I should tell you right now how I got to where I am: single mother on the dole, public housing, all that. It wasn’t a goal of mine, certainly. As a child I never once dreamed, “I will be a poor mother.” I had fully intended to be a forest ranger. Now I realize there just isn’t enough human contact in that field for me. But then, look where human contact got me. They said I hadn’t grieved properly over my mother’s death. That was the reason I became promiscuous, they said. They said I snuck out of my bedroom window every night because I needed to forget. I needed to forget, they said, because I couldn’t bear the sadness of remembering. That’s what they meant by grieving properly: remembering. Remembering everything and reacting to it and releasing it. There was more to it, but I can’t remember what it was, ha ha. So I’m not proud of it or anything, but it happened. And it’s how I got to where I am. ­Half-­a-­Life Housing. Winnipeg, Manitoba, Canada, city with the most hours of sunshine per year (that’s another thing they say).

––

Somewhere along the line I became pregnant. With Dill, my son who is now nine months old. His full name is Dillinger. I don’t know who his father is. Like Lish says, if you eat a whole can of beans, how do you know which one made you fart? I don’t think it’s the caretaker at my dad’s church, because Dill’s hands are very big. Those huge hands were the first thing I noticed about Dill. The caretaker, on the other hand, had very small hands. I remember, because after we’d had sex leaning up against the pulpit, he wandered over to the organ and started playing “Midnight Special.” I lay on top of the organ, naked as a cherub, and I remember peering down at the caretaker’s hands as he played. They were small and cupped and soft like a baby’s. So I’m quite sure he’s not Dill’s father. And, to tell you the truth, there were eight or nine other guys I was with at the time Dill was conceived, and most of them have faded from my memory. If I ever did know their names, I’ve just about forgotten them. At least I’ve tried to. And all this because I didn’t grieve ­properly.

Reading Group Guide

1. What role does luck play in the novel? What constitutes Lucy’s amazing luck in your view?

2. How do the characters in Summer of My Amazing Luck find a way to bring joy into their lives despite their circumstances?

3. What does the novel reveal about our society’s attitude toward welfare? Consider, for instance, how the women of Half-a-Life are treated with respect to having boyfriends or taking a vacation. Did the novel change your own views on social assistance or the people who receive it?

4. What does Lucy’s father mean when he tells her “Life is not a joke”? What does Lucy mean when she says “I wanted my life to be funny”?

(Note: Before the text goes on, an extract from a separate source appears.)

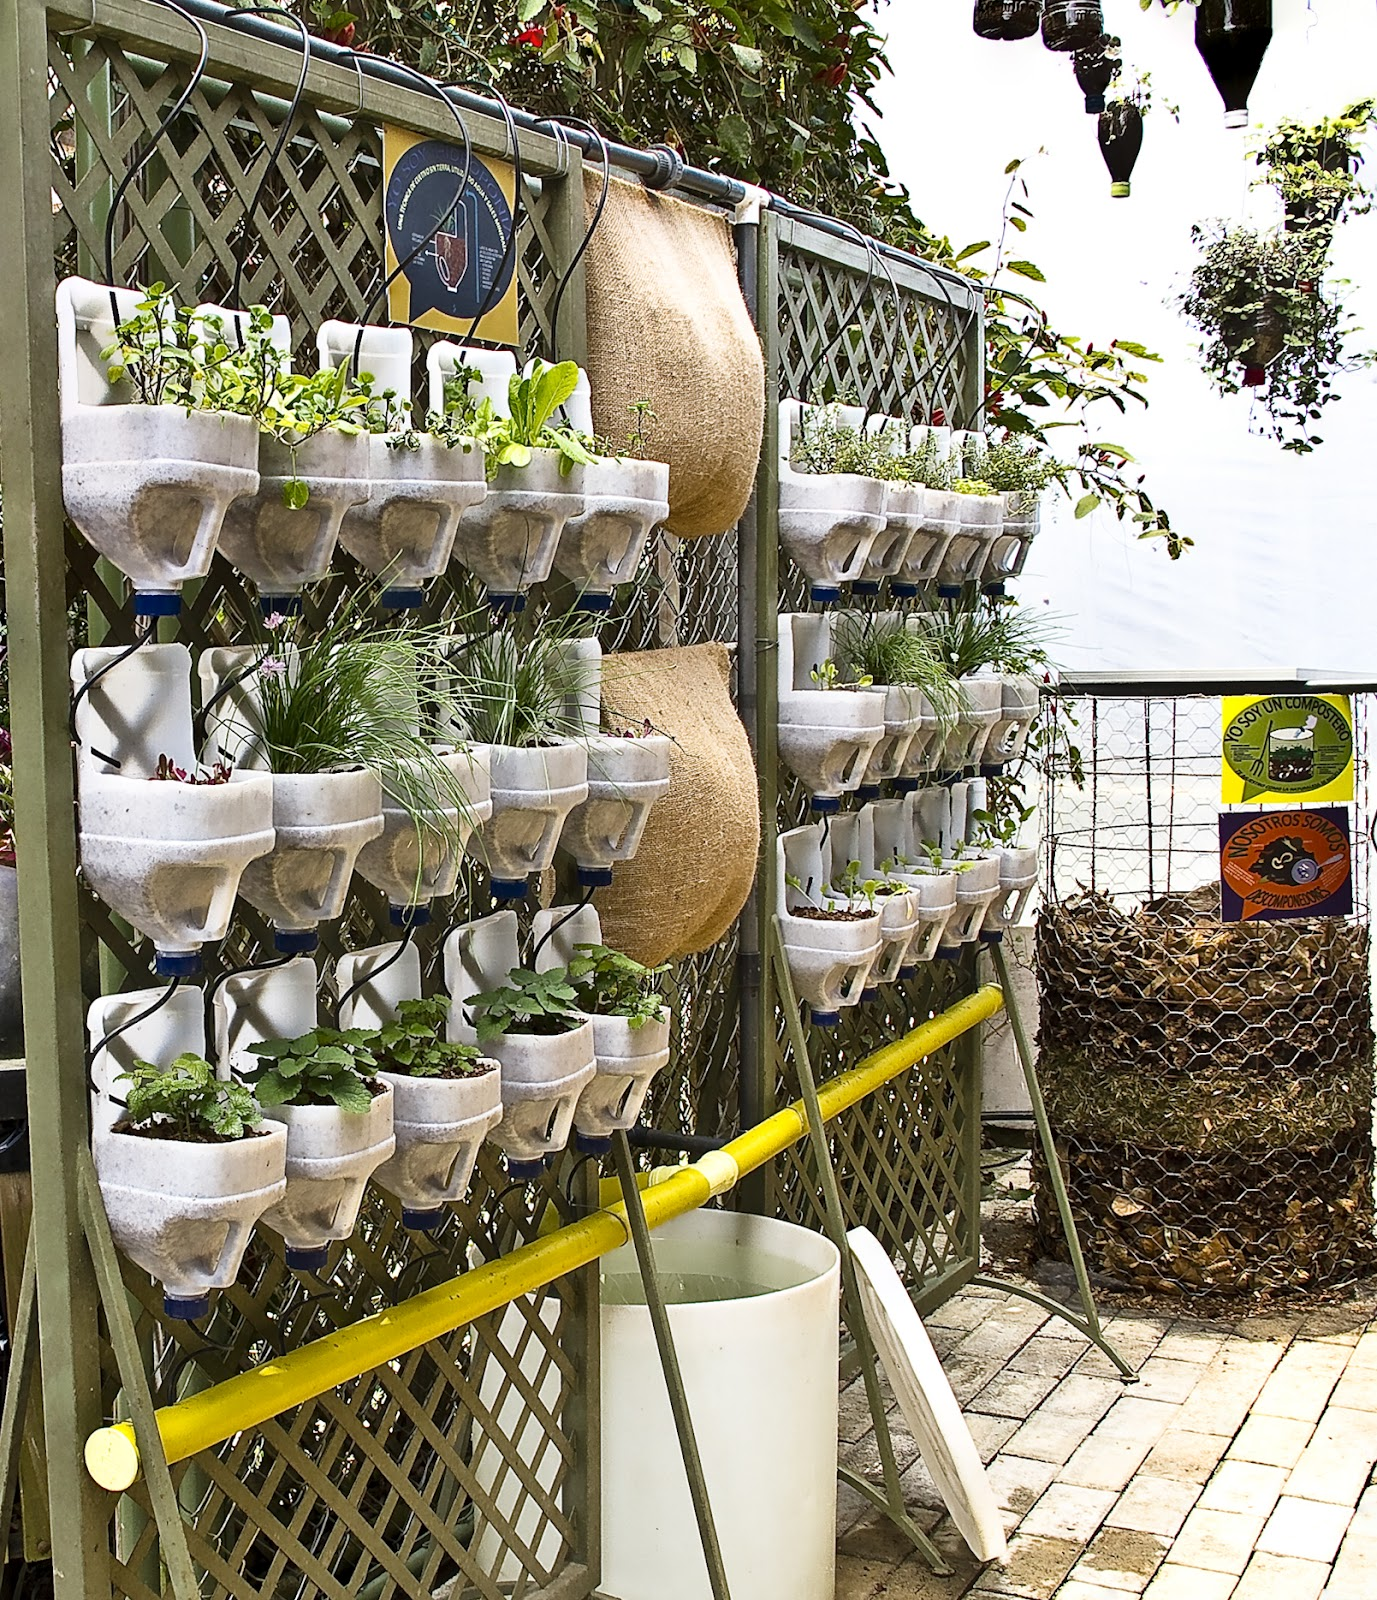 Digital camera adventures tras escenarios energ a - Cultivo de hierbas aromaticas en casa ...

5. How did you react to Lucy’s plan to fabricate letters from Gotcha to Lish? Were you surprised by Lish’s reaction when she discovers the truth?

6. How do the women of Half-a-Life seek to create an identity for themselves beyond “single mother on the dole”? What do Lucy and Lish think of this label?

7. “Mothers you can be sure of, fathers, well…they’re the kind of people whose heads always get chopped off in pictures.” Discuss the role of mothers and fathers in the novel.

8. Have you ever known anyone like Lish? Which of her antics, wisecracks and personality traits did you enjoy the most? Would you want her as a friend or neighbour?

9. What is the significance of the birth scene at the end of the novel–both symbolically and in terms of character development and plot? What realizations does Lucy come to?

10. How does Lucy begin to come to terms with her mother’s death?

11. For those of you who have read Toews’s previous books, discuss the role of the physically or psychologically absent father. Also, consider the way in which Toews portrays a small community in relation to the outside world.

12. In what ways might Lucy Van Alstyne of Summer of My Amazing Luck be considered a literary sister to Nomi Nickel of A Complicated Kindness?